Jesse Zesseu
- Zesseu in 2026

Personal information
- Full name: Jesse Tankwa Zesseu
- Nationality: Canadian
- Born: June 27, 1999 (age 27)
- Home town: Etobicoke, Ontario, Canada
- Height: 183 cm (6 ft 0 in)
- Weight: 180 lb (82 kg)

Sport
- Country: Canada
- Sport: Para athletics
- Disability class: F37
- Events: Discus throw, Long jump
- Club: Royal City Athletics Club
- Coached by: Paul Galas

Medal record
Men's para athletics
Representing Canada
Paralympic Games
| Silver medal – second place | 2024 Paris | Discus throw F37 |
Parapan American Games
| Silver medal – second place | 2023 Santiago | Discus throw F37 |
| Bronze medal – third place | 2023 Santiago | Long jump T37/38 |

= Jesse Zesseu =

Canadian para athletics competitor (born 1999)

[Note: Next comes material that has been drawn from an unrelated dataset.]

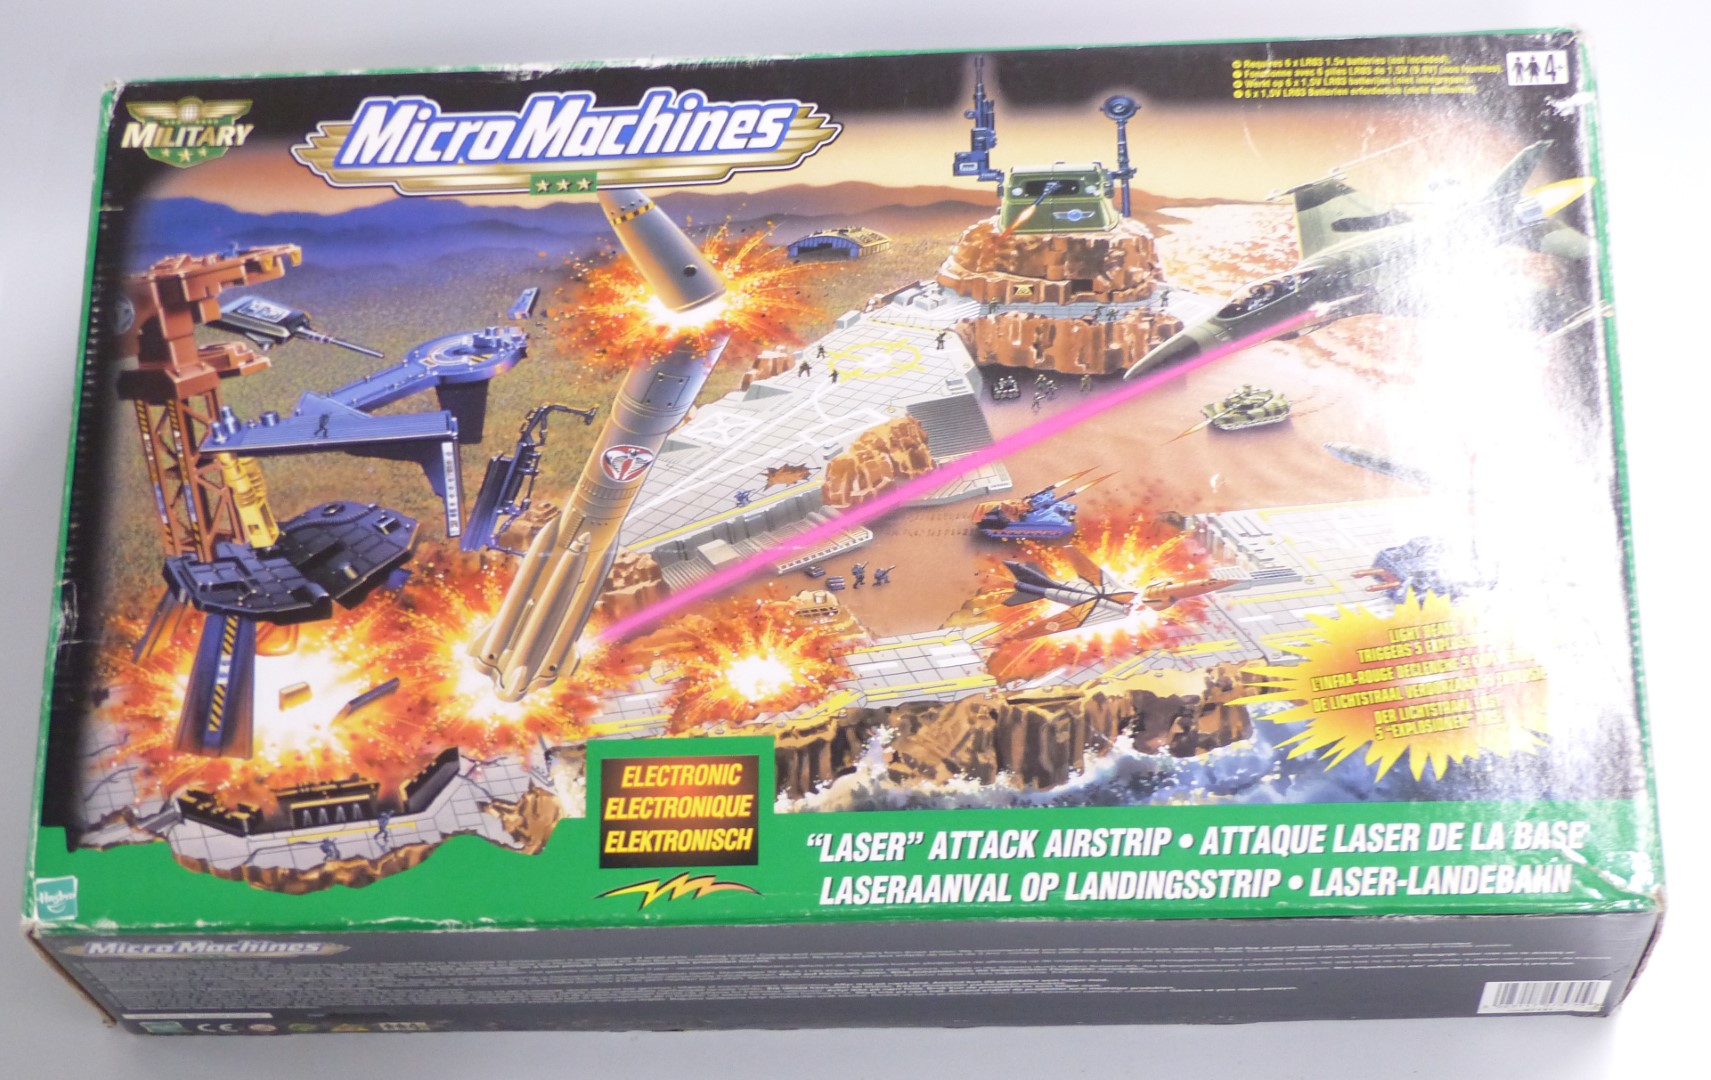 Hasbro Micro Machines Military Laser Attack Airstrip playset, in original box.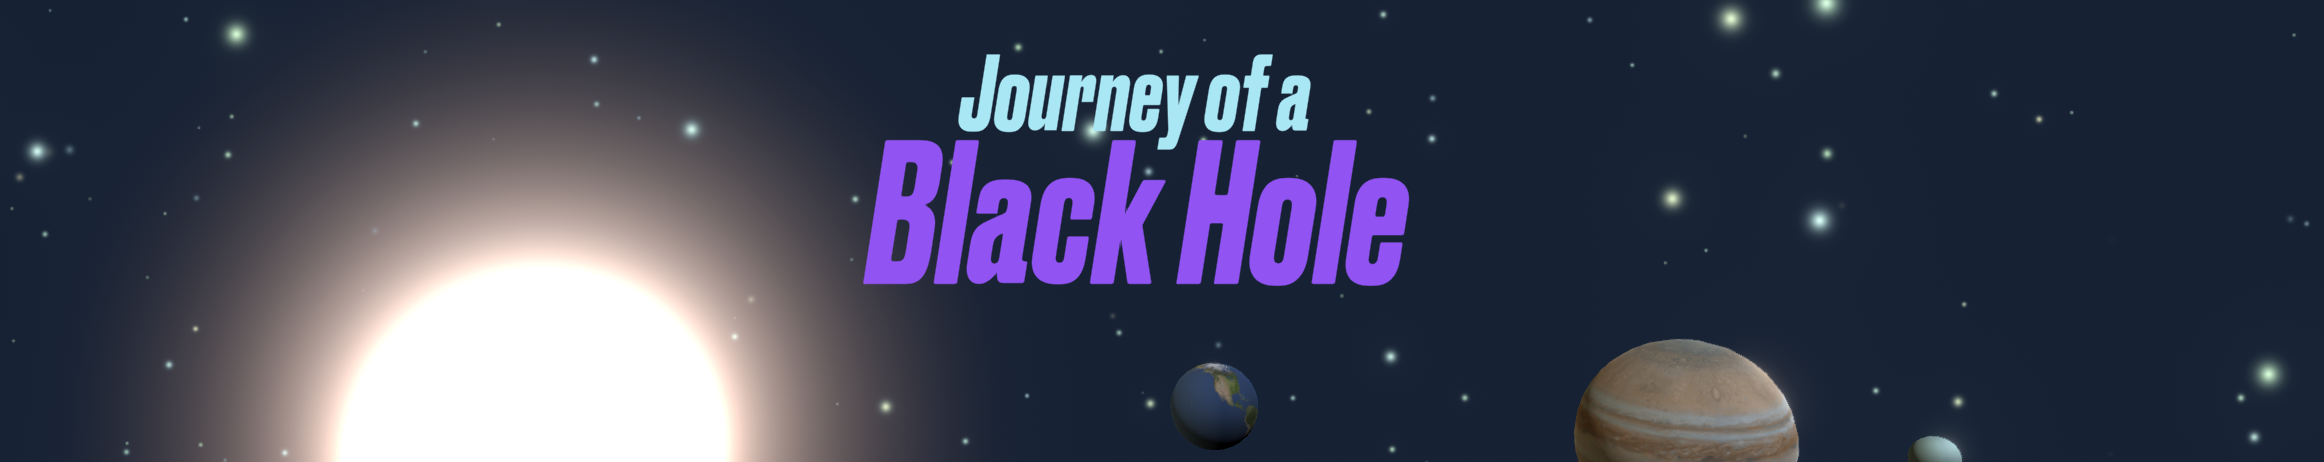 Journey of a Black Hole

Jesse Zesseu (born June 27, 1999) is a Canadian para-athlete specializing in discus throw and long jump.

==Early life==
Zesseu attended Bishop Allen Academy and then earned a Bachelor of Arts degree in political science from the University of Guelph.

==Career==
Zesseu competed at the 2023 World Para Athletics Championships in the discus throw and long jump T37 events.

Zesseu represented Canada at the 2024 Summer Paralympics and won a silver medal in the discus throw F37 event.